»Wort Gottes«
Der Flügelaltar von Sieger Köder
in der St.Heinrich-Kirche

„Wort Gottes“ - Zu diesem Thema hat der bekannte Schwäbische Priester und Maler Sieger Köder (geb. 1925) einen Flügelaltar geschaffen für die Kirchengemeinde St.Heinrich in Kiel.
Seit 1996 konnte die Gemeinde das langsame Werden des Altares verfolgen. Zunächst hing nur die Predella, das untere Bild des Altares, in Kiel. 1999 folgte dann das Pfingstbild mit den beiden dazugehörenden Seiten „Maria von Magdala am Grab“ und „Werke der Barmherzigkeit“. Im November 2002 schließlich konnte die Gemeinde auch die übrigen 6 Bilder entgegennehmen. Nun ist der Altar fertig und zeigt in 10 Bildern die Heilsgeschichte Gottes mit uns Menschen.
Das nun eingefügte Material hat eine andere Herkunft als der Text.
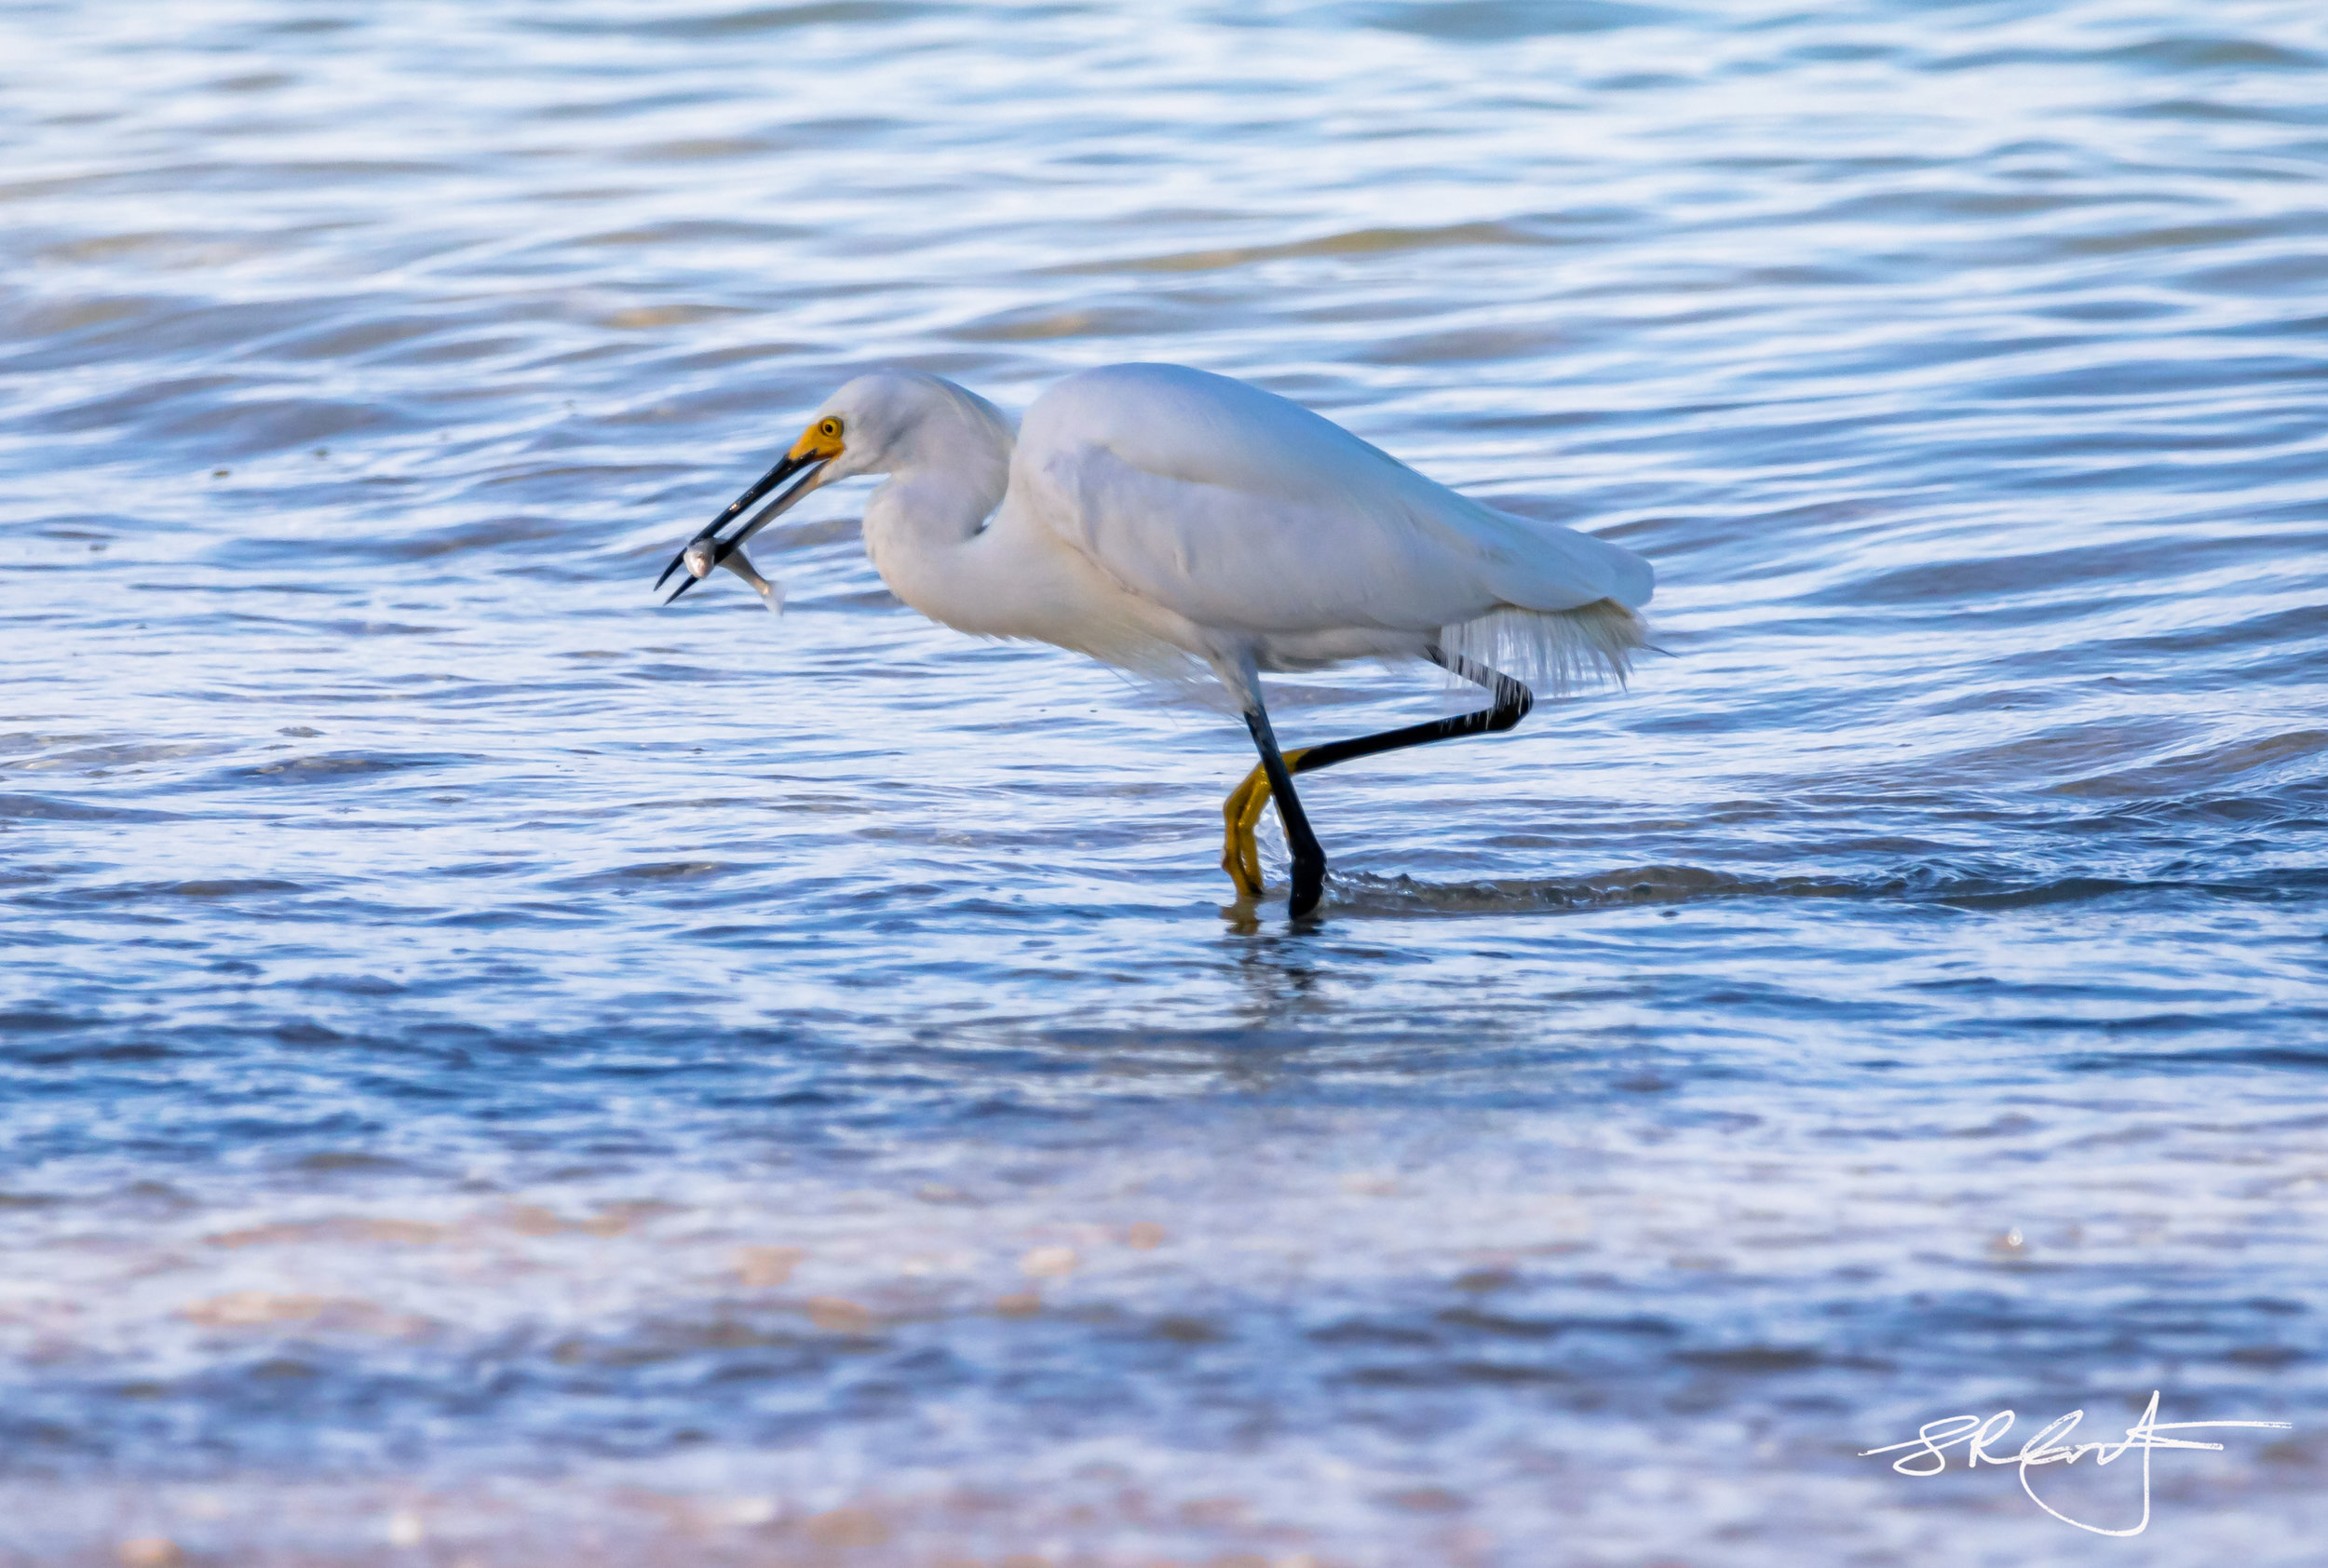 Snowy Egret catches his breakfast.

Sieger Köder möchte mit seinen Bildern predigen. Die Bilder wollen Hoffnung wecken, trösten und zum Nachdenken anregen. Ausgangspunkt ist der Bibeltext. in Auseinandersetzung mit dem Text, mit einer einzelnen Geschichte, mit der Frohen Botschaft entwickelt sich langsam das Bild. Es ist ein geistlicher und künstlerischer Prozess. Der Betrachtende wiederum tritt in den Dialog mit dem Bild. Abgesehen davon, dass die Bilder zu einem vertieften Verständnis der Heiligen Schrift führen, können sie auch in das Werk Sieger Köders einführen.
Einige Motive spielen bei Sieger Köder eine wichtige Rolle. Die Bedeutung des Mahles findet sich in vielen Darstellungen wieder. Hier taucht das Teilen von Brot auf dem Pfingstbild und auf dem Bild „Werke der Barmherzigkeit“ auf. Das Schöpfungsbild enthält mit einem Weinstock und Ähren einen Hinweis auf die Gaben der Eucharistie.
Kennzeichnend ist auch, dass Sieger Köder Glaubensgeheimnisse wahrt und sie deshalb indirekt darstellt. So ist die eigentliche Auferstehung nicht zu sehen, wohl aber eine Zeugin des Ostermorgens. Auf ihrem Angesicht spiegelt sich die Begegnung mit dem Auferstandenen wider. Eine Auseinandersetzung mit diesem Thema ist auch bei den Bildern „Mose mit den Gesetzestafeln“ und „Verklärung“ zu beobachten. Was haben die Menschen sehen können und was erschloss sich ihnen im Glauben? Wie weit können Menschen Gott von Angesicht zu Angesicht sehen? Sind sie nicht auf Vermittlung angewiesen, weil Gott zu groß für menschliches Verstehen ist?
Ein wichtiges Anliegen Sieger Köders ist das Engagement für die Benachteiligten. Immer wieder tauchen Hinweise auf die Not der Menschen auf, z.B. bringt das Bild vom Gottesknecht vielfältiges Leid zum Ausdruck. Aber glücklicherweise gibt es Hoffnung. Das Pfingstbild mit Mutter Teresa und „Werke der Barmherzigkeit“ zeigen Möglichkeiten auf, wie Menschen in der Nachfolge Jesu Armut, Verzweiflung und Not lindern können. Dem entspricht auch die aufgeschlagene Bibelstelle in der Krippe, die mit den Worten endet „und wir...“.